A ideia de cidadania tem vindo a centrar-se na lógica de se assegurarem ou negarem direitos, benefícios económicos e serviços sociais, educação, processos legais e oportunidades para afetar a decisão política por parte dos cidadãos. Mas ela não garante,

per se, igualdade, justiça, bem-estar económico, dignidade ou mesmo o respeito dos

organismos oficiais e dos concidadãos (Heisler, 2005). De forma não surpreendente, segundo o autor, o conceito foi-se tornando menos claro à medida que aumentou a sua relevância e proeminência, em parte, devido ao alargamento trazido pela sua proliferação em termos de uso e da multiplicação de perspetivas dos seus utilizadores; mas também reflete mudanças normativas e estruturais na política, economia, e em alguns valores fundamentais –incluindo aquiloa que se chama geralmente globalização.

Tal como sustenta Machado Pais (2010) a cidadania tem-se multiplicado por conceitos contraditórios, revelando a instabilidade do conceito.

“Decididamente, o rumo a seguir é tornar-se o conceito de cidadania como uma ideia virada para o futuro, tendo em conta a realidade do presente. E o que a realidade do presente nos diz é que, se a ideia de cidadania continua associada à defesa de direitos universais, um dos mais relevantes desses direitos é, sem dúvida, o tão reclamado direito à diferença.” (Machado Pais, 2010, p.122)

Os discursos sobre cidadania mudaram da inclusão de populações nativas para três novas discussões: direitos comuns versus direitos individuais; direitos, tratamento e estatuto dos não cidadãos; e os sentidos e formas de pertença, identidade e pertença política. Até há cerca de 100 anos atrás poucos eram considerados cidadãos iguais, de pleno direito, mesmo num sentido legal e formal. Mulheres, crianças, não proprietários, minorias, grupos étnicos e outros eram relegados para segunda ou terceira cidadania (Heisler, 2005). Alguns tinham o estatuto de plena cidadania por razões específicas; outros eram excluídos (“para o seu próprio bem”, como era o caso das mulheres e das crianças) ou teriam de ganhar direito à inclusão pela aquisição de propriedade, de literacia, etc... O reconhecimento de reivindicações de diferentes grupos para se terminar a discriminação e a terem uma igualdade não nominal, mas genuína; a mudança contínua em relação à retórica dos direitos e longe das obrigações de cidadania na prática e na teoria, entre outras, terão contribuído, segundo Heisler (2005), para uma ênfase crescente nas questões de autenticidade, integridade cultural, e direitos coletivos de grupos e, mais importante, da legitimação de múltiplas identidades sem uma

identidade superordenada e ancorada no Estado. As democracias modernas focaram então os seus debates no “quem somos” e “quem ambicionamos ser”.

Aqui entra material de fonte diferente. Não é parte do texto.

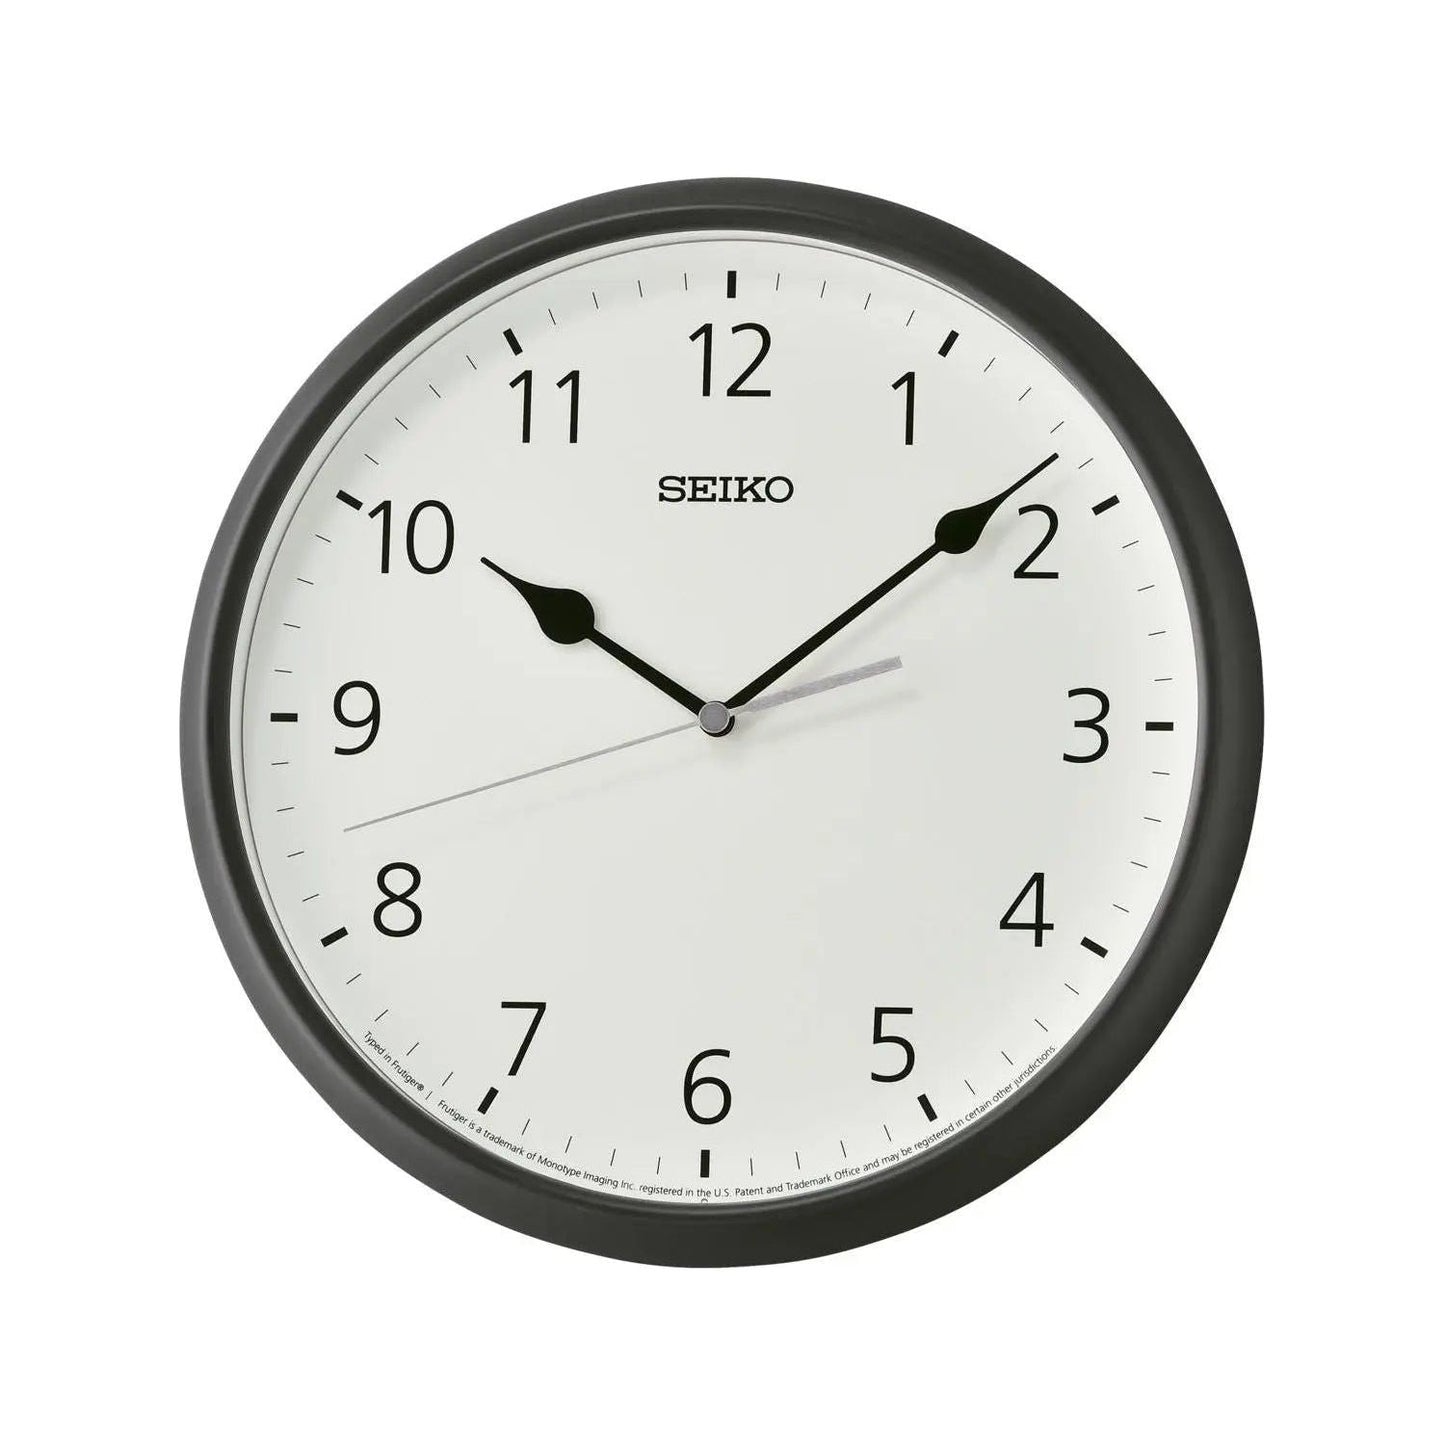 SEIKO CLOCKS SEIKO CLOCKS WATCHES Mod. QXA796K WATCHES seiko-clocks-watches-mod-qxa796k

Assim, esta construção de uma ideia contemporânea de cidadania em sociedades democráticas – independentemente de se referir a democracias representativas ou participativas – foi progressiva e não representou um processo igual para todos os grupos sociais. Tradicionalmente alicerçada em algumas ideias fundamentais como a de território, nacionalidade, pertença e comunidade específica, direitos e deveres, era relativamente “simples” definir quem era ou não cidadão numa dada realidade. A cidadania definiu-se frequentemente quer pela rigidez dos seus componentes quer pela manutenção dos binómios inclusão/exclusão. Dito de outro modo, foi sendo construída e utilizada no sentido de definir quem o é mas, sobretudo, quem o não é.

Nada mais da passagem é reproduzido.